Could you use the space behind the loft for an aviary or flight pen? Again, keep them off the ground if possible.

I'm all for using what you've got, as long as the birds are safe and secure. If disease, vermin, weather or predators can get to the birds, you might be setting yourself up for problems.

Good luck!

Don

P.S. As others have said... Moving eggs, nests, very young birds, etc. is playing with fire. Often, the parents will abandon the eggs or babies, and they will die.


----------



## ptras (Jun 29, 2010)

cbx1013 said:


> Me?
> 
> I'd start over...
> 
> ...


Not sure I agree that you need to start over. You just need to make sure that the nest boxes are big enough and can be defended. As to the requirement for a nest box: In the few short months that I have been involved with pigeons, I have seen hundreds of pigeons raising young in any imaginable number of places. This includes in nest boxes behind the nest bowl, on the floor, in a corner, in a feed tray, under a board leaning against the wall. Hay or other similar material makes a fine nest, and will provide good material to exercise the babies' feet.


----------



## Omlet (Aug 3, 2010)

ptras said:


> Hi Omlet,
> 
> You say in your post that you built the nest boxes yesterday, but there are eggs and hatchlings in the box. Did you move them there from another location? If so, are the breeders continuing to sit on the eggs/care for the babies? Everyone I have spoken with advises me not to move a nest, or the parents will abandon the eggs.
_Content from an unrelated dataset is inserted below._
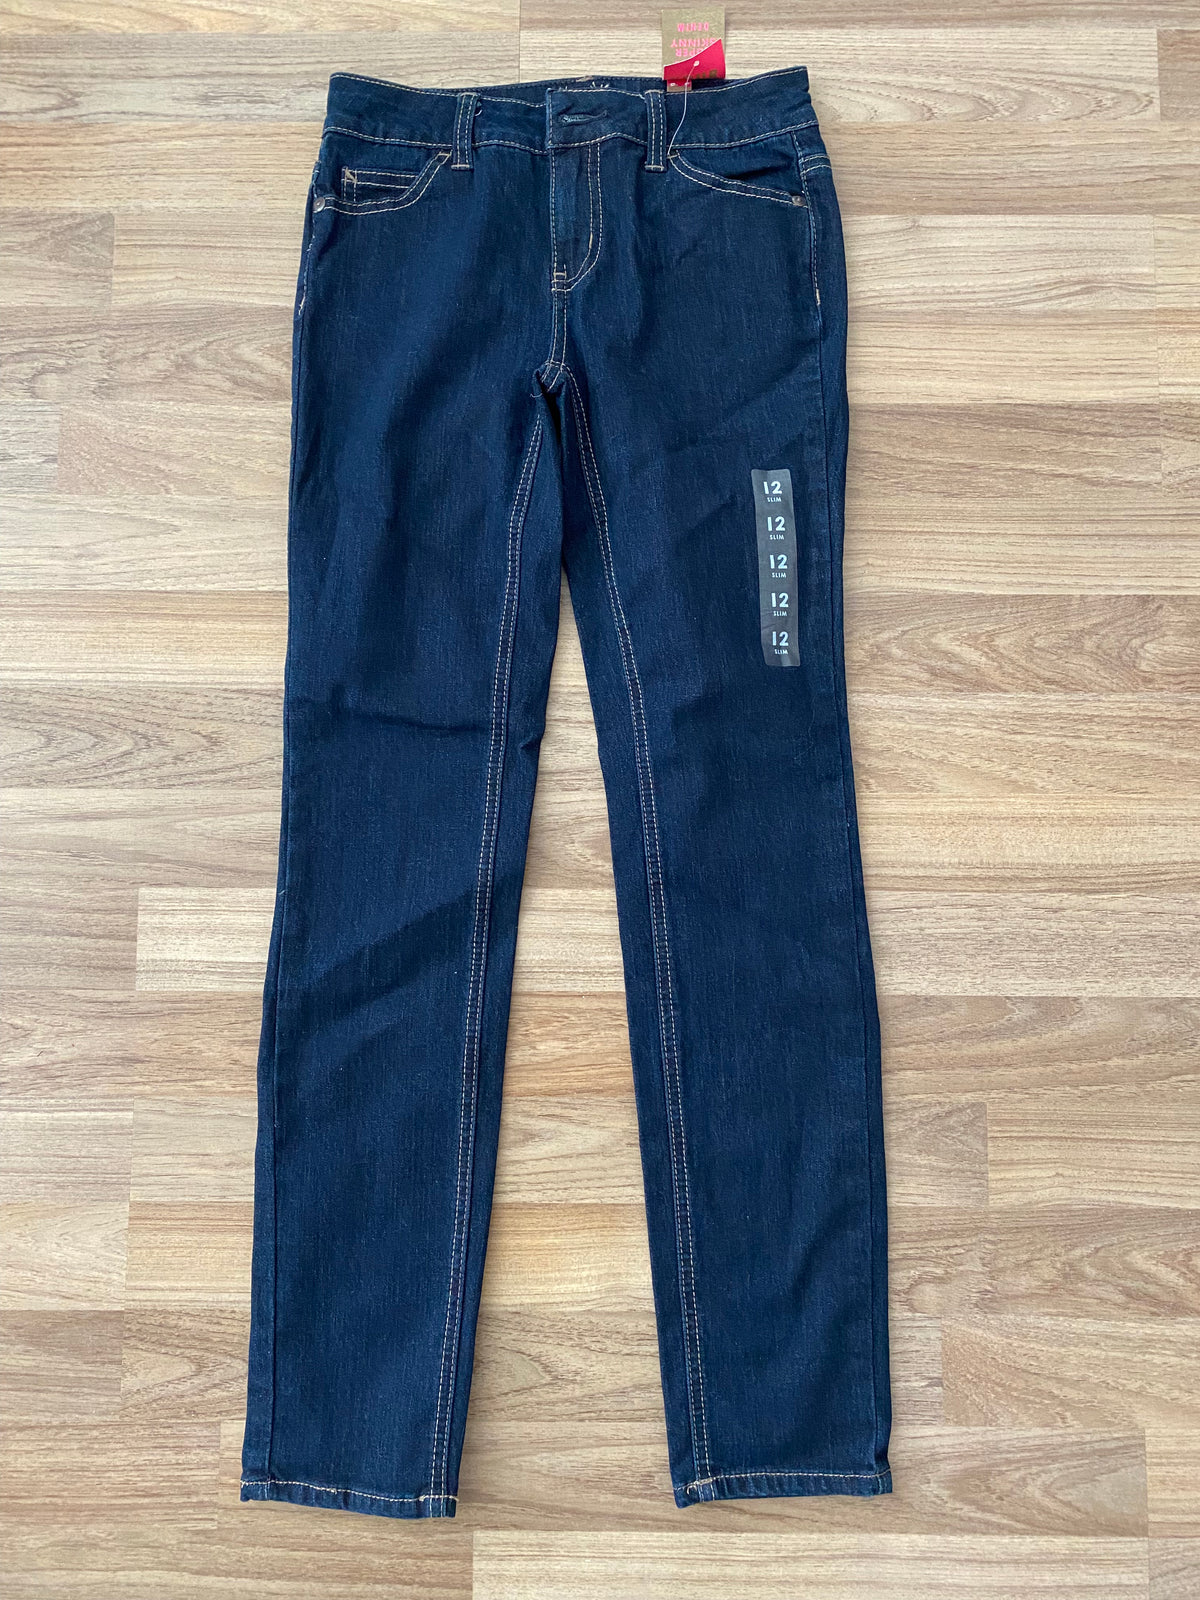 Jeans (Girls Size 12)

Unfortunately, the parents refuse to sit on the eggs, so I had to take them out. During candling, none of the eggs seem to have any blood vessels or embryos, so I'm taking they were laid early. The babies are being fed by multiple pigeons, and the parents still sit on them periodically. 



cbx1013 said:


> Me?
> 
> I'd start over...
> 
> ...


Trust me, I'd start over if I could, but money is kinda tight right now. The lip of the nests will be changed today, and I'm also laying down a nice floor. It's currently concrete right now, but a hammer should fix it up easy.  I'm also going to try and elevate the cage using some concrete bases, but lifting up this thing will be a challenge; it weighs tons!

The back is very spacious, so I think it's possible to add an aviary or flight pen. It will indeed be off the ground. 
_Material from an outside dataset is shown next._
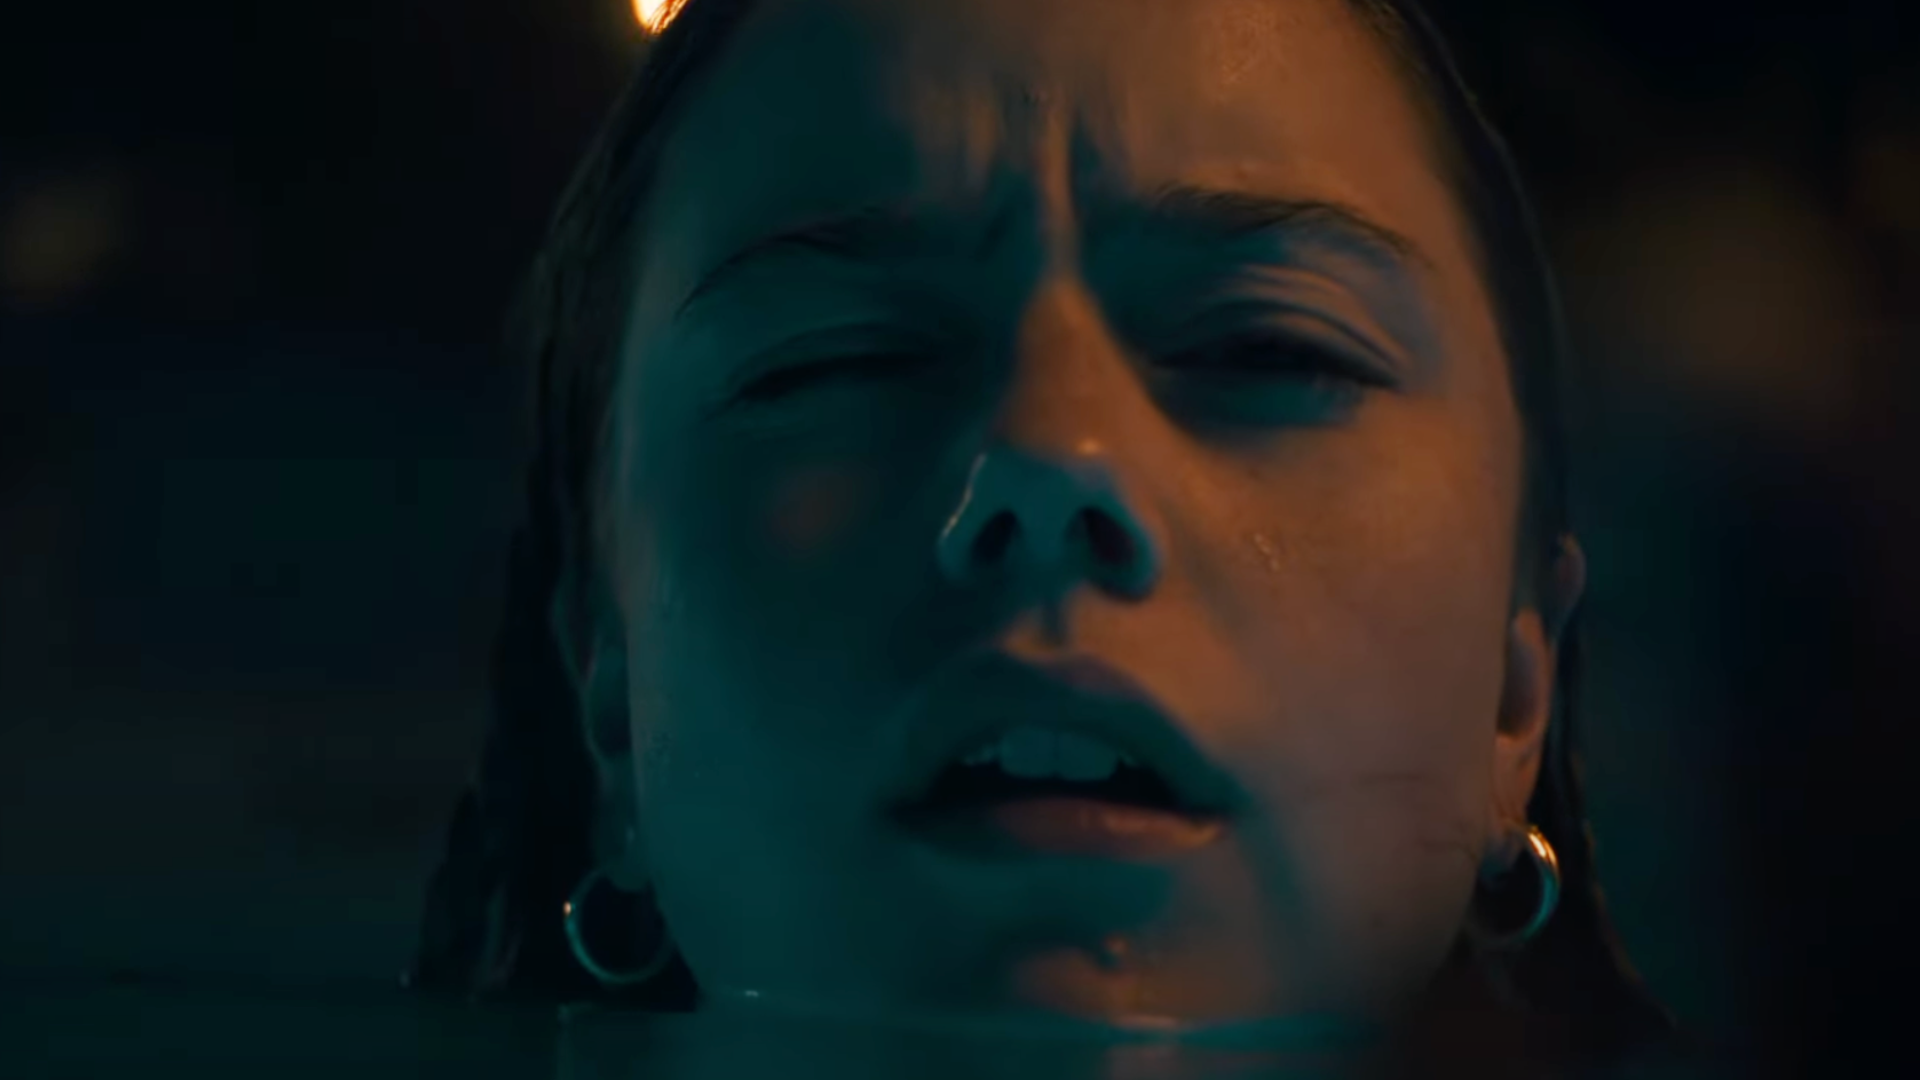 A New Trailer For Night Swim Has Just Surfaced [watch]

Thank you all for your suggestions!


----------



## Shadybug Lofts (Mar 13, 2010)

Why not put a raised floor over the concrete 4" that can be removed in sections to clean under. you could still walk in it.


----------



## cbx1013 (Aug 12, 2009)

ptras said:


> As to the requirement for a nest box: In the few short months that I have been involved with pigeons, I have seen hundreds of pigeons raising young in any imaginable number of places. This includes in nest boxes behind the nest bowl, on the floor, in a corner, in a feed tray, under a board leaning against the wall. Hay or other similar material makes a fine nest, and will provide good material to exercise the babies' feet.


Ptras:

We'll have to agree to disagree re: nest bowls. My experience was that the hay or bedding will quickly get knocked out of the box, or scooted to the sides, leaving the chicks on bare wood. Now, if you could line the box with something like old carpet or whatever (throw it out frequently, of course) or get the bedding deep enough- you could be fine.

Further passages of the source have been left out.